Model diagnostics for quantitative CT scan derived pulmonary metrics post quantile transformation across respiratory conditions. Diagnostic plots evaluating the assumptions of linear regression models for six pulmonary metrics, with estimates derived from 1,000 bootstrap iterations to ensure robustness. Metrics include (a) Emphysema (%), (b) Lung Density, (c) PRMfSAD, (d) Gas Trapping, (e) Pi10, and (f) Wall Area Thickness. The left panels show histograms of residuals with Kolmogorov-Smirnov (KS) test p-values, indicating residual normality. Middle panels feature Q-Q plots comparing residuals to a theoretical normal distribution, supporting normality. Right panels display residuals vs. fitted values with Breusch-Pagan test p-values assessing heteroscedasticity. Despite some heteroscedasticity indicated by the Breusch-Pagan test, HC3 robust standard errors were applied to correct for it. Overall, these diagnostics confirm that the models adequately meet assumptions of normality and homoscedasticity for analyzing CT-derived metrics.
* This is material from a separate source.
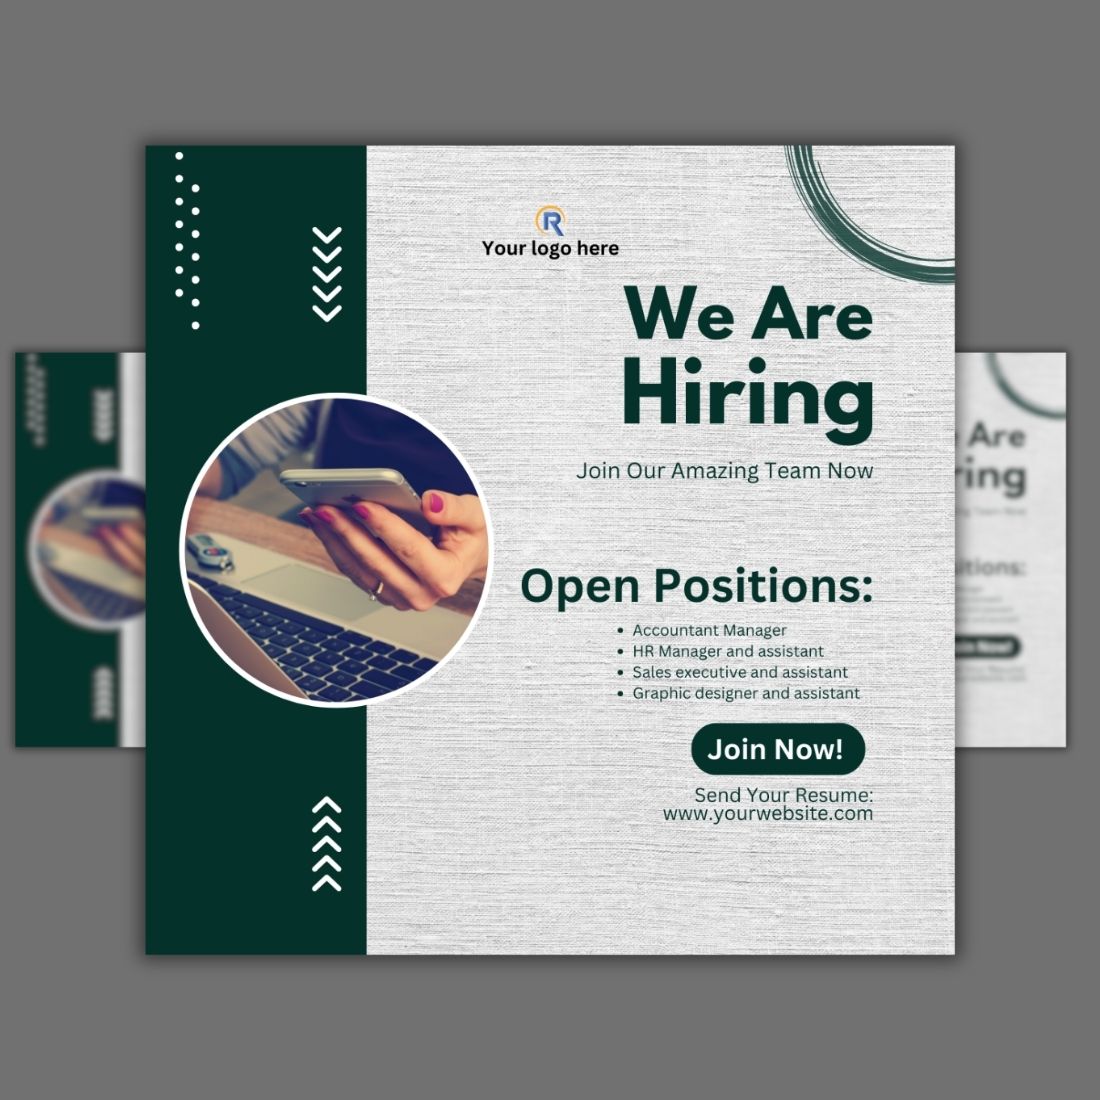 1 Instagram Sized Canva Hiring Design Template - $4 preview image.

Adjusted associations between disease status and CT-derived pulmonary metrics in the COPDGene cohort. Forest plots (a-f) illustrate the adjusted effect estimates for (a) percentage of emphysema (< -950 HU), (b) lung density (Perc15), (c) Parametric Response Mapping of small airways disease (PRMfSAD), (d) gas trapping (< -856 HU), (e) Pi10, and (f) wall area percentage, with respect to the stratification of asthma, COPD, and ACO phenotypes. Each plot depicts the estimates, 95% confidence intervals, and p-values after adjusting for confounders such as age, BMI, gender, race, smoking status, and CT scanner model. Points represent the estimated effect size, with horizontal lines indicating the confidence intervals; points to the right (green) or left (orange) reflect positive or negative associations, respectively. Statistical significance was assessed using 1,000 bootstrap iterations, with p-values adjusted by the Benjamini-Hochberg (BH) correction. Statistically significant differences are indicated by asterisks, with p-values annotated alongside each estimate (ns = not significant, ∗, ∗∗, ∗∗∗, ∗∗∗∗).